问题
In julia we can check if an array contains a value, like so:
> 6 in [4,6,5]
true
However this returns false, when attempting to check for a sub-array in a specific order:
> [4,6] in [4,6,5]
false
What is the correct syntax to verify if a specific sub-array exists in an array?
回答1:
For the third condition i.e. vector [4,6]
appears as a sub-vector of 4,6,5
the following function is suggested:
issubvec(v,big) =
any([v == slice(big,i:(i+length(v)-1)) for i=1:(length(big)-length(v)+1)])

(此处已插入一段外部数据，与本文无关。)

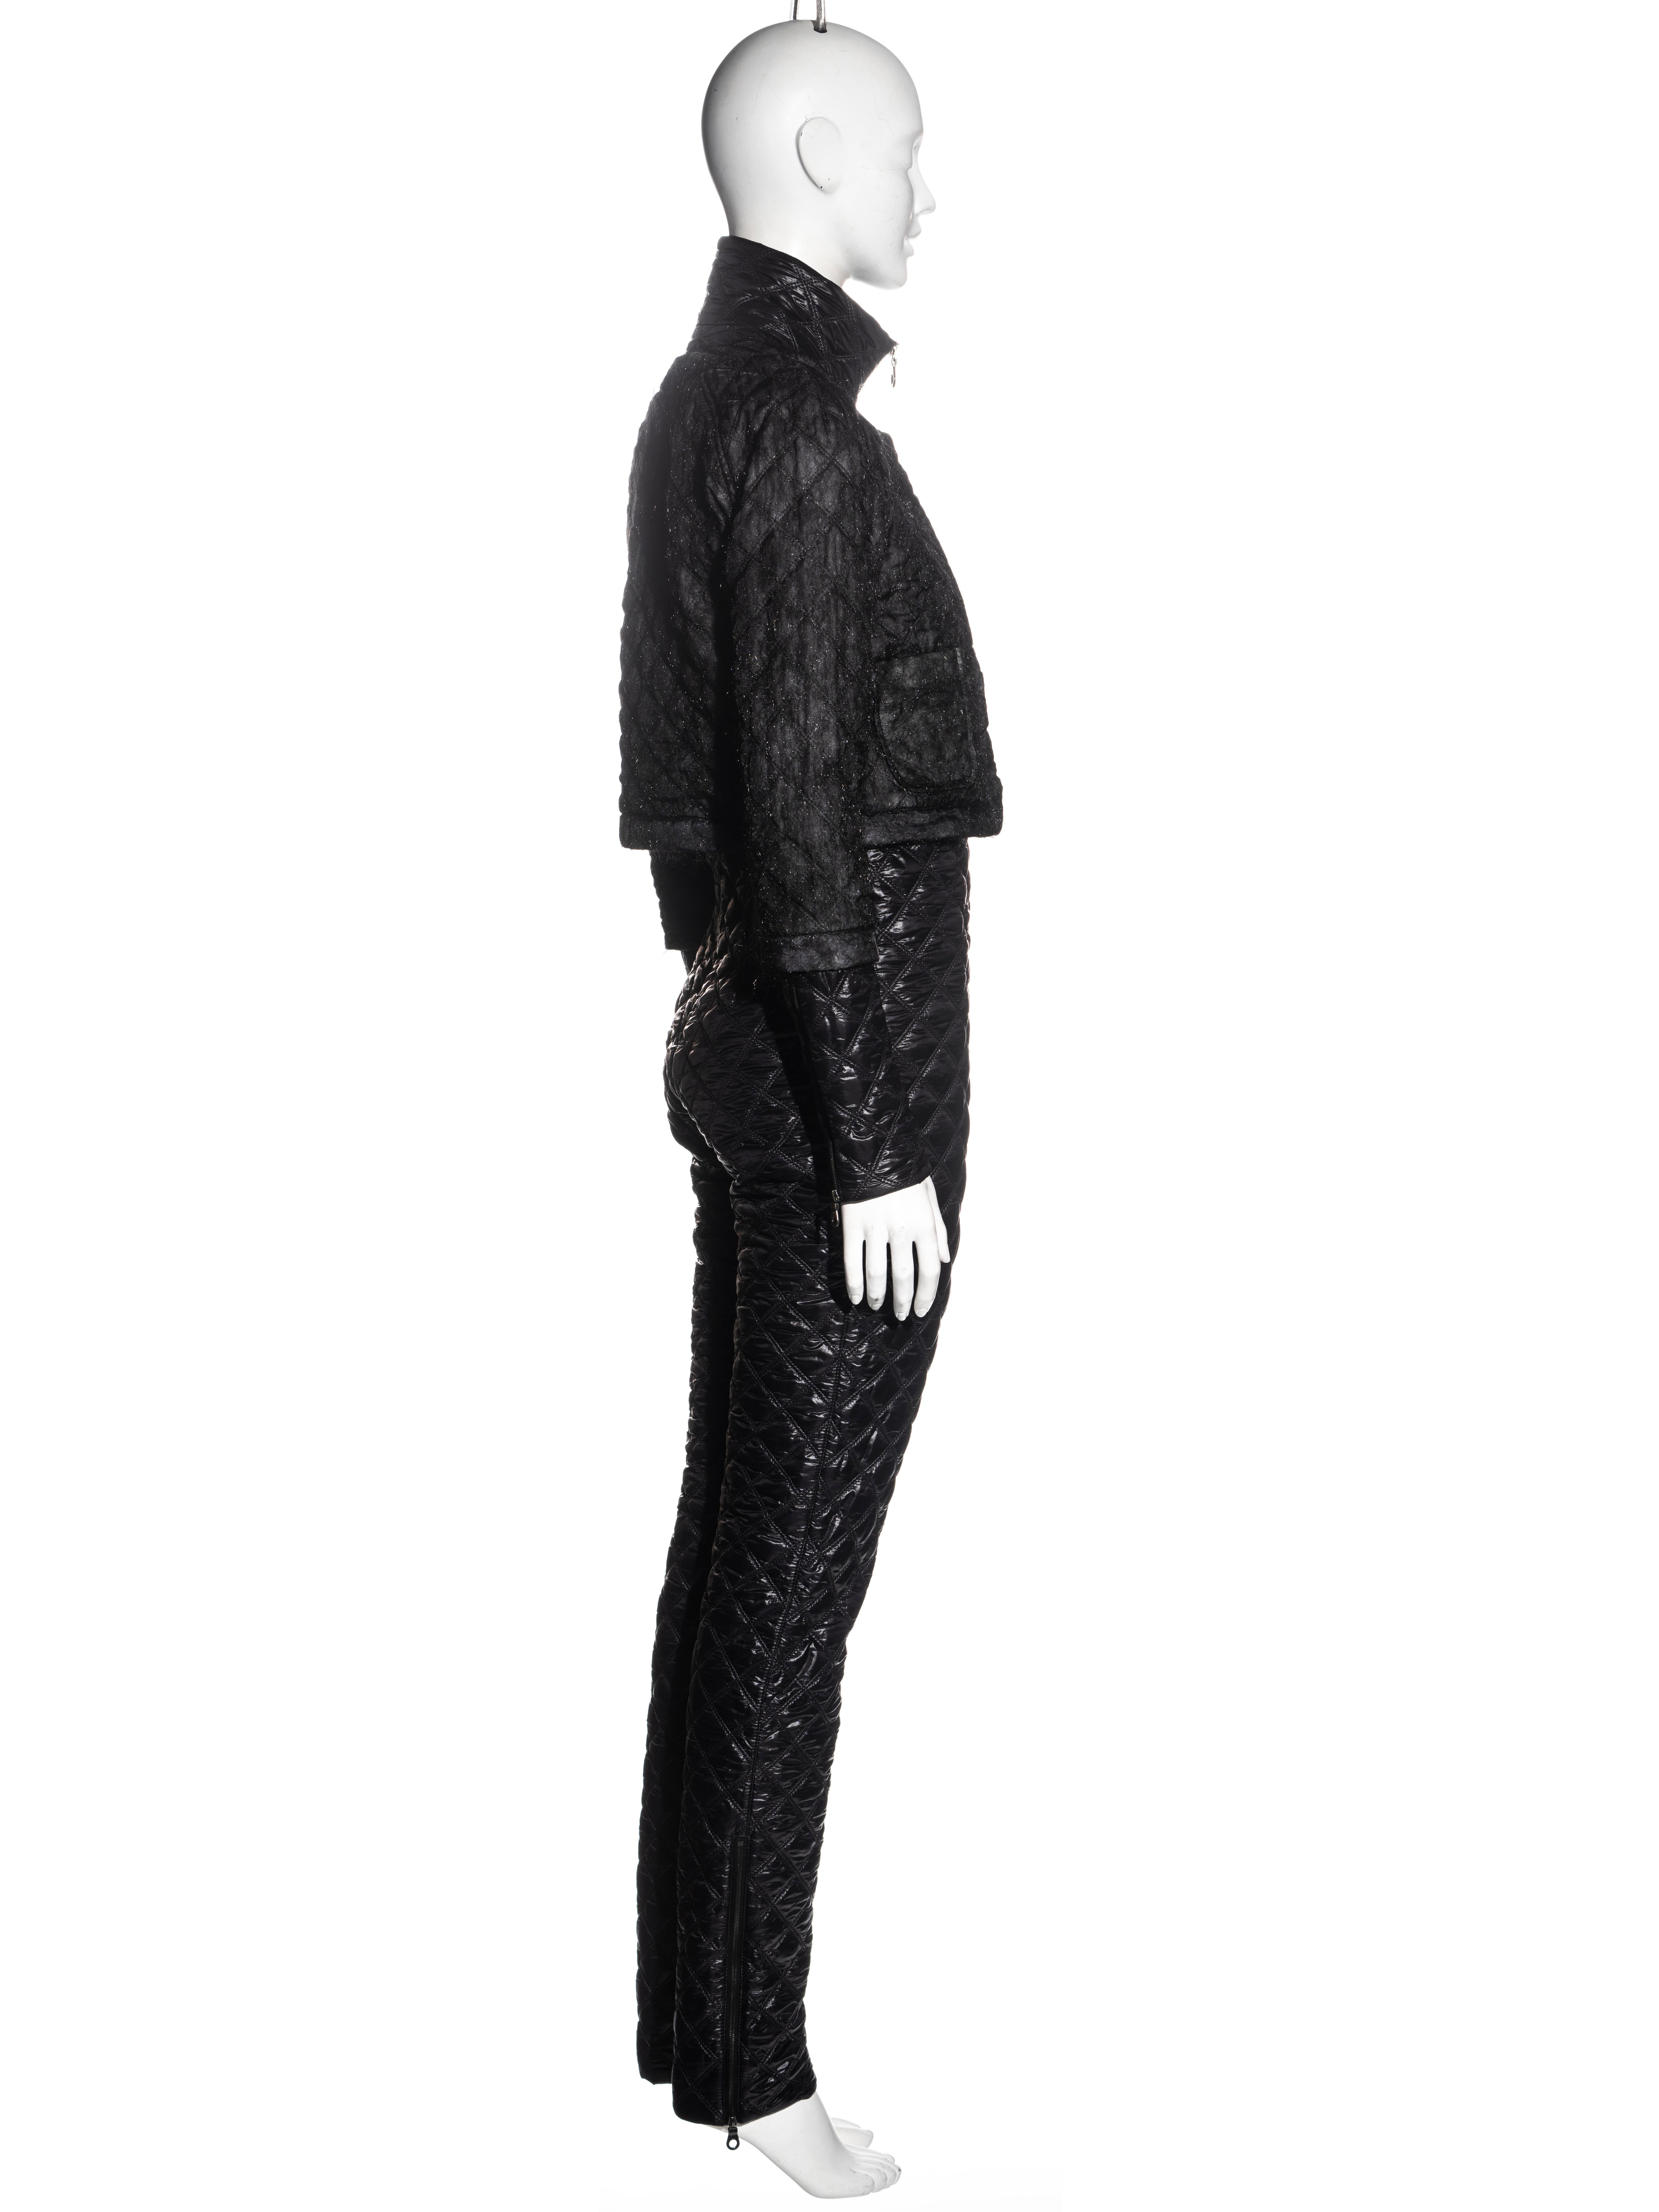 Combinaison en nylon matelassé noir Chanel par Karl Lagerfeld, automne-hiver 2011 Pour femmes en vente

For the second condition, that is, give a boolean for each element in els
vectors which appears in set
vector, the following is suggested:
function vecin(els,set)
res = zeros(Bool,size(els))
res[findin(els,set)]=true
res
end
With the vector in the OP, these result in:
julia> vecin([4,6],[4,6,5])
2-element Array{Bool,1}:
true
true
julia> issubvec([4,6],[4,6,5])
true
回答2:
It takes a little bit of code to make a function that performs well, but this is much faster than the issubvec
version above:
function subset2(x,y)
lenx = length(x)
first = x[1]
if lenx == 1
return findnext(y, first, 1) != 0
end
leny = length(y)
lim = length(y) - length(x) + 1
cur = 1
while (cur = findnext(y, first, cur)) != 0
cur > lim && break
beg = cur
@inbounds for i = 2:lenx
y[beg += 1] != x[i] && (beg = 0 ; break)
end
beg != 0 && return true
cur += 1
end
false
end
Note: it would also be much more useful if the function actually returned the position of the beginning of the subarray if found, or 0 if not, similarly to the findfirst/findnext functions.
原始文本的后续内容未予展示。